Bar jeder Vernunft

VON WOLFGANG HORN

Bürgermeister kann man nicht lernen. Oder, andersherum: Bürgermeister kann man nicht in einem speziellen Ausbildungsbetrieb lernen, in einer Schule nicht und auch an keiner Universität. Bürgermeister lernt man dort, wo man das Amt auch ausführt. Im Rathaus, auf dem Chefsessel. Und vorher, sozusagen im richtigen Leben. Und wenn der Amtsinhaber dann, mitunter nach Jahren, eine halbwegs triftige Vorstellung davon entwickeln kann, was alles des Amtes ist und wer und was und wer auf keinen Fall, dann kommen wieder alle Parteien zusammen und präsentieren neue Kandidaten fürs Bürgermeisteramt. „Unserer soll das Bürgermeisteramt jetzt auch erlernen“, heißt es dann unisono. Mit einer Stimme. Der des (Partei-)Volkes. Eigentlich ein Vorgang bar jeder Vernunft, wenn auch zutiefst demokratisch.

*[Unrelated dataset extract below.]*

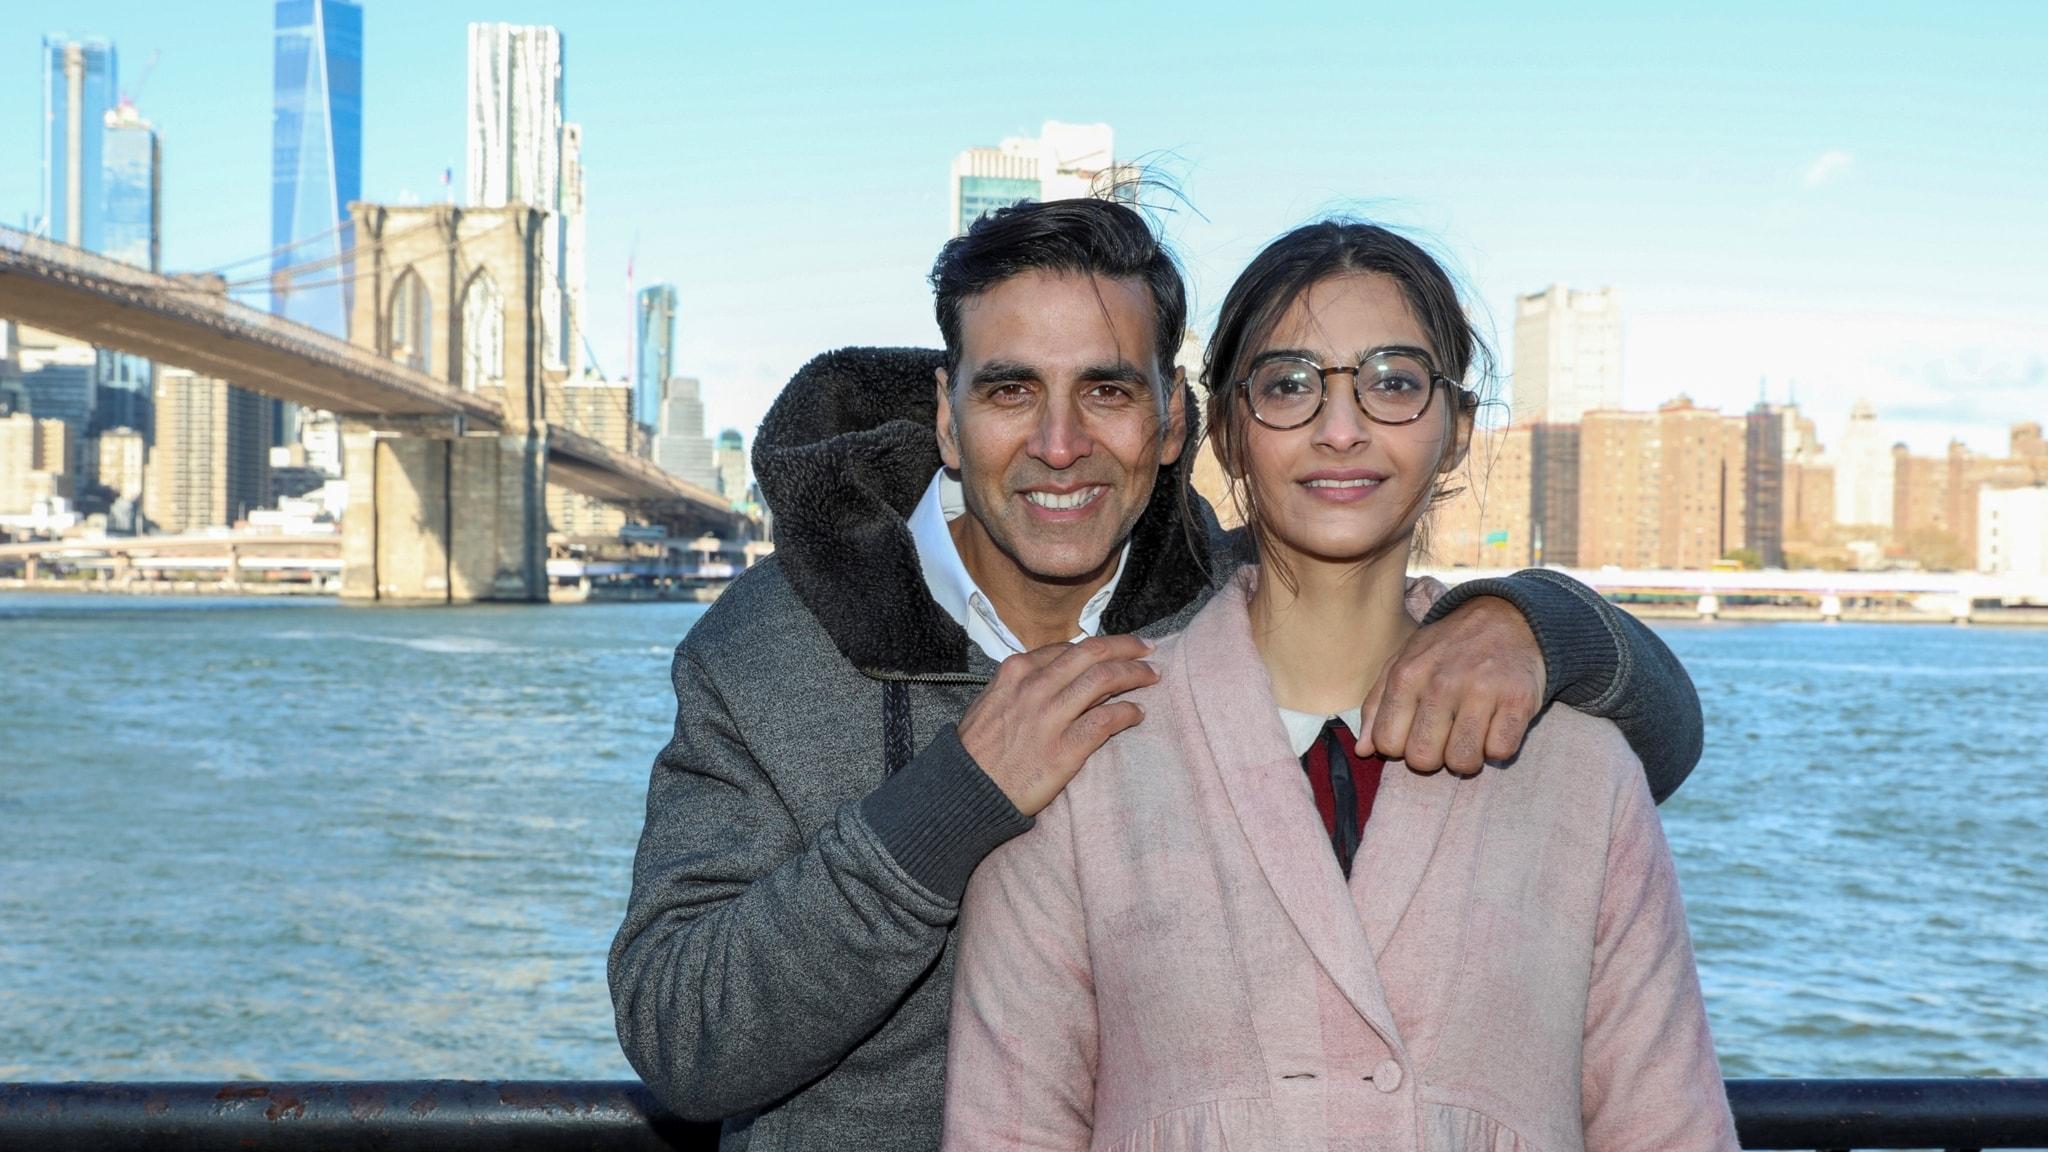 omedelbar dating Delhi vetenskapen bakom dejtingsajter

Streng genommen sollten wir einen Bürgermeister genau dann nicht neu wählen, wenn mit seiner Amtsausübung eine gute Bilanz für die Stadt, fürs Gemeinwesen verbunden ist, für die Bürgerinnen und Bürger. Wenn die Bilanz, sozusagen das Zeugnis der Amtsausübung zeigt, daß er‘s kann, der Bürgermeister, daß er sein Handwerk versteht, daß er ordentlich leitet, verständlich kommuniziert, mit Bürgern und Mitarbeiterinnen, mit Nachbarstädten und Kreis zum Wohle aller kooperiert – ja warum sollte er dann nicht auf seinem Chefsessel weiterarbeiten? Die Bürgerinnen und Bürger jedenfalls bräuchten nur in jenem anderen Fall einen neuen Bürgermeister, eine Bürgermeisterin, daß die Bilanz nicht gut genug und der Amtsinhaber dafür verantwortlich ist. Das wäre dann zwar vernünftig, aber eben auch nicht demokratisch.

Wir wählen aber aus Gründen der demokratischen Regel, der zeitlichen Befristung der Amts-und-Machtübertragung, der erforderlichen Beteiligung des demokratischen Souverains eben vielfach dann einen neuen Bürgermeister, wenn sich die politische Tauglichkeit und die Verwaltungs- und Leitungskompetenz des „Alten“ öffentlich erweist. In diesem Sinne wählen wir unvernünftig-demokratisch.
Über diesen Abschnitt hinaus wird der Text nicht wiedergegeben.